No female shortfall here. On the contrary, girls’ average scores top boys for each of the available years, by more than a point each year. (On the other hand, we also need to inspect a nuance dotting the large student numbers here: the obvious fact that many of the scores issue from the same students. After all, a third-grade student in school A in 2013 likely reappeared as a fourth-grade student in school A in 2014.)

But is there any evidence of a progressive slimming of the girls’ edge with age? SAT scores, after all, chart a significantly older demographic: the cohort of university-eligible students, the one that affirms that insistent 30-point male differential. Our data, on the other hand, emanate from test-takers hailing from grades three through eight, bidding us to wonder: Does a male margin begin to pull away any time within our data? An answer calls for an introduction of the Grade parameter to the table, but because a three-variable output (Year, Category, and Grade) will begin to clutter the table, I’d opt to cast Grade into a Slicer and successively tick the six grades for which the numbers are available:

math3

Click through the grades and the girl score superiority prevails throughout, indeed broadening unevenly across the older grades and cresting with a 3.07-point average excess in grade 6.

We could also examine borough-wide variation in the numbers, by extracting the respective borough codes from the DBN data in column A. The codes occupy the third position in each code entry, and so if we wend our way to the-next-free-column R and name it Borough, we can enter in R2:

=MID(A2,3,1)

Copy down R, and the borough indicators are isolated:

K- Brooklyn (for Kings County)
M-Manhattan
Q-Queens
R-Richmond (Staten Island)
X-The Bronx

Then draw up this pivot table:

Rows: Borough

Columns: Category

Values: Mean Scale Score (Average, to two decimals)

I get:

math4

Here both gender and borough disparities mark the data, the former most conspicuous in the Bronx. Among the boroughs Queens rises to the top, its average score separating itself from fifth-place the Bronx by more than 20 points. Indeed, the Queens boy average exceeds every other girl’s mean, save that of Queens, of course.

These findings contribute but a sprinkling of pixels to the larger picture, but contributory they are.
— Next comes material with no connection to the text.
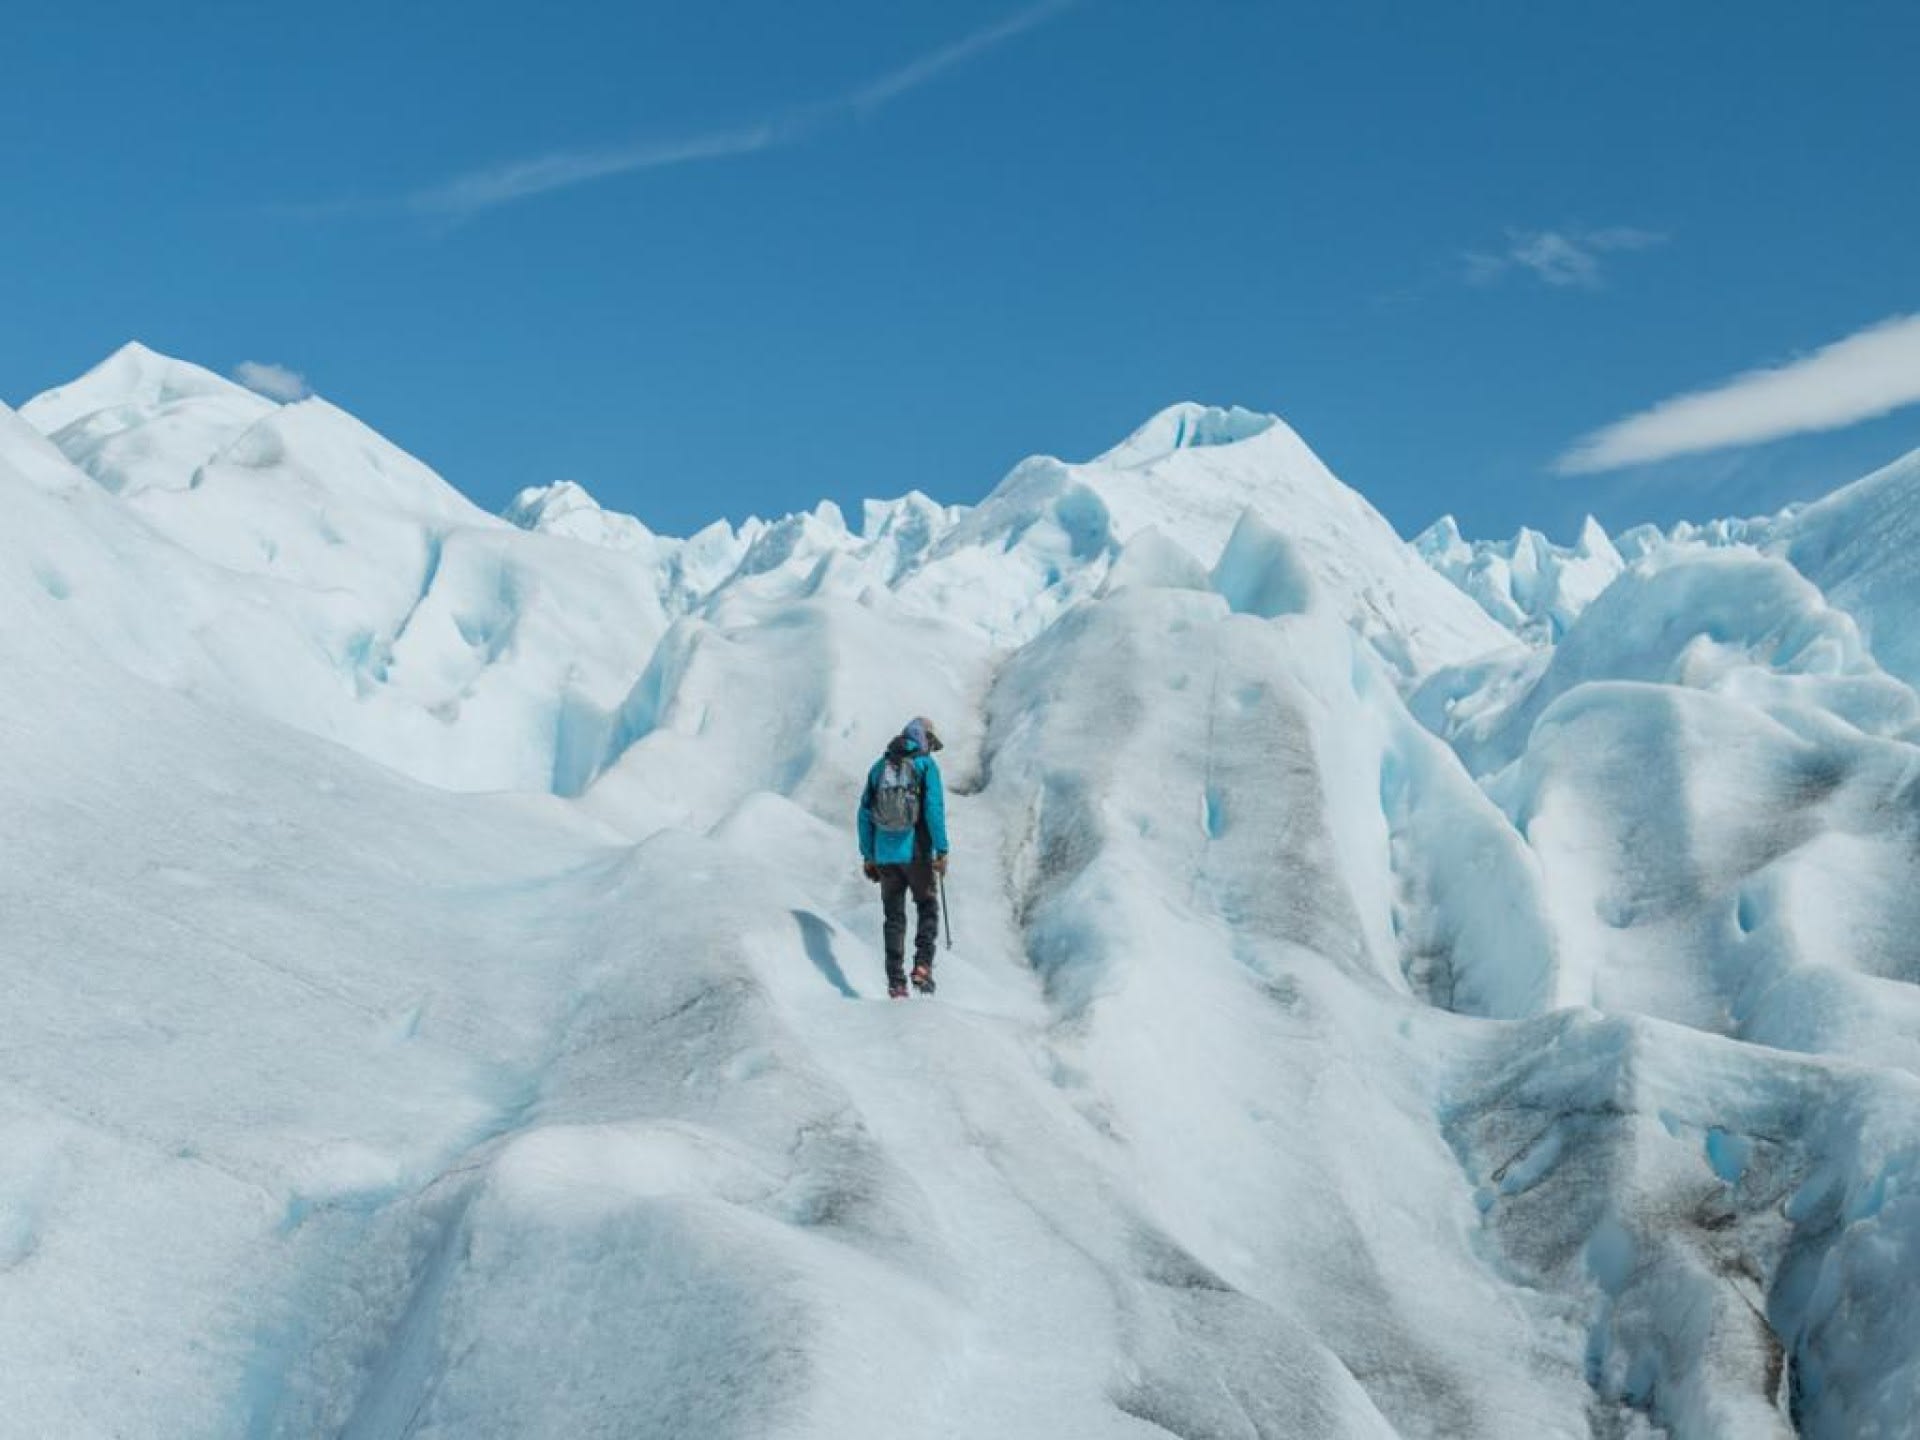 Minitrekking on Perito Moreno Glacier

Accounting for the relative male math predominance at later phases of the educational process serves up a famous analytical challenge; winners of the near-impossible William Lowell Putnam Mathematical Competition, for example – 120-point university-level exam on which the median score is often 0 – are nearly all male, but I don’t know what that means, either.

All of which begs the next question: I’m a guy – so why is it when I divide my number of socks by 2 I always get a remainder of 1?